In the presenst experiments, JOLs did not show correct directional sensitivity to the effects of lag on final test performance. This lack of sensitivity to lag is unfortunate, given the substantial effects of lag on performance. Note that final test performance following just one correct recall at a long lag was as good as (Experiment 1) or even better than (Experiment 2) nine correct recalls at a short lag. Students are likely not fully capitalizing on the benefits of testing by not appreciating the influence of lag on retention. This possibility is further bolstered by complementary results reported by Kornell (2009). Across a series of experiments, Kornell evaluated the effectiveness of a fixed number of practice trials administered with either a short or a long lag. Of interest here, participants made aggregate judgments after studying items during practice. Results showed that although final test performance was greater for items practiced with longer versus shorter lags, aggregate judgments were higher for items practiced with shorter versus longer lags. Taken together, these results demonstrate that participants do not understand the memorial benefits of longer versus shorter lags during learning. These results are somewhat troubling, given that the lag effect is one of the most robust findings in the memory literature and has the potential to greatly impact student learning and scholarship.

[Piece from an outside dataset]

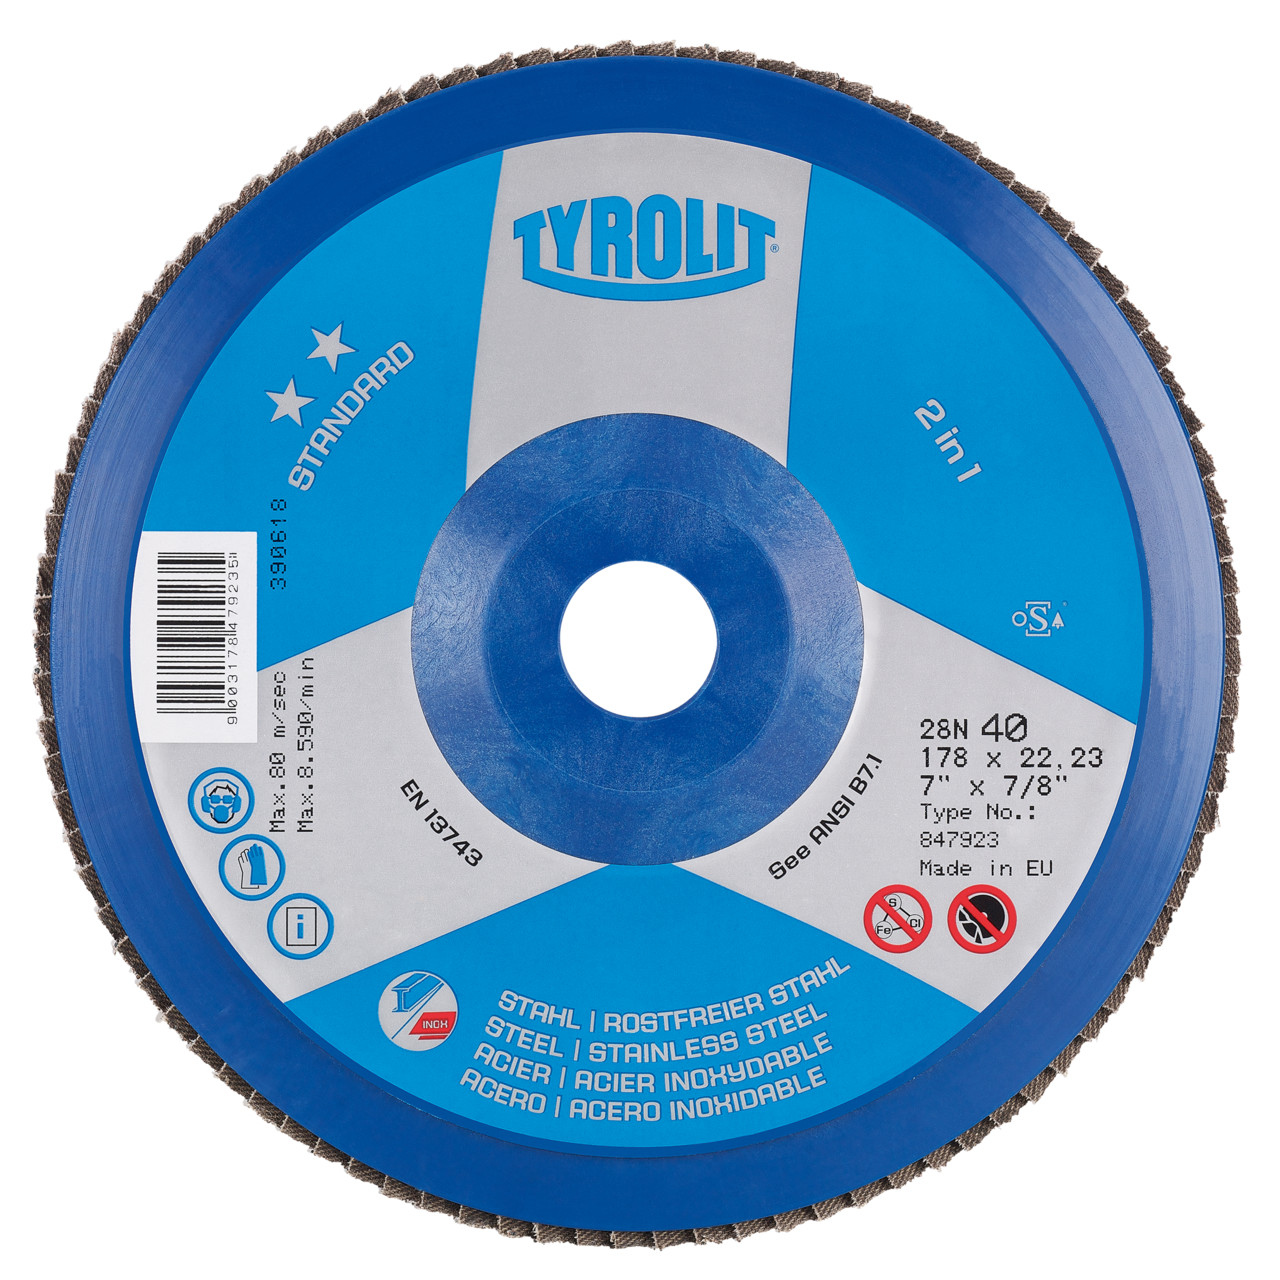 Tyrolit Serrated lock washer DxH 115x22.2 2in1 for steel and stainless steel, P60, shape: 28N - straight version (plastic carrier body), Art. 847924

Although JOLs were of primary interest in the present experiments, in Experiment 2 we also included aggregate judgments in order to more directly evaluate beliefs about criterion level and lag. These aggregate judgments may be useful for further investigating beliefs about other factors in future research. For example, aggregate judgments may shed light on the extent to which individuals are aware of the memorial benefits of difficult retrievals during encoding. In the present experiments, retrieval fluency consistently had an influence on judgments (i.e., judgments increased as fluency decreased). In keeping with Koriat’s (1997) cue-utilization framework, we classified retrieval fluency as a mnemonic cue. However, some research has shown that the relationship between fluency and JOLs may be theory driven (i.e., based on beliefs; e.g., Matvey, Dunlosky, & Guttentag, 2001). Future research could evaluate what people believe about the effect of fluency on performance by including aggregate judgments about retrieval fluency.

The present experiments extend beyond prior metacognitive research by evaluating the sensitivity of JOLs to the effects of the quantity and timing of successful retrievals during criterion learning (as opposed to prior research involving study only and/or fixed amounts of practice trials) on final test performance. The present results indicate that JOLs made after correct retrievals during practice show correct directional sensitivity to the effects of criterion level on final test performance but do not show correct directional sensitivity to the effects of lag on final test performance. Given the important implications for student learning and scholarship, one goal of future research should be to evaluate ways to improve the sensitivity of JOLs to the effects of lag on final test performance. Additionally, future retrieval practice research should evaluate the extent to which individuals’ self-regulated decisions are related to their JOLs and beliefs.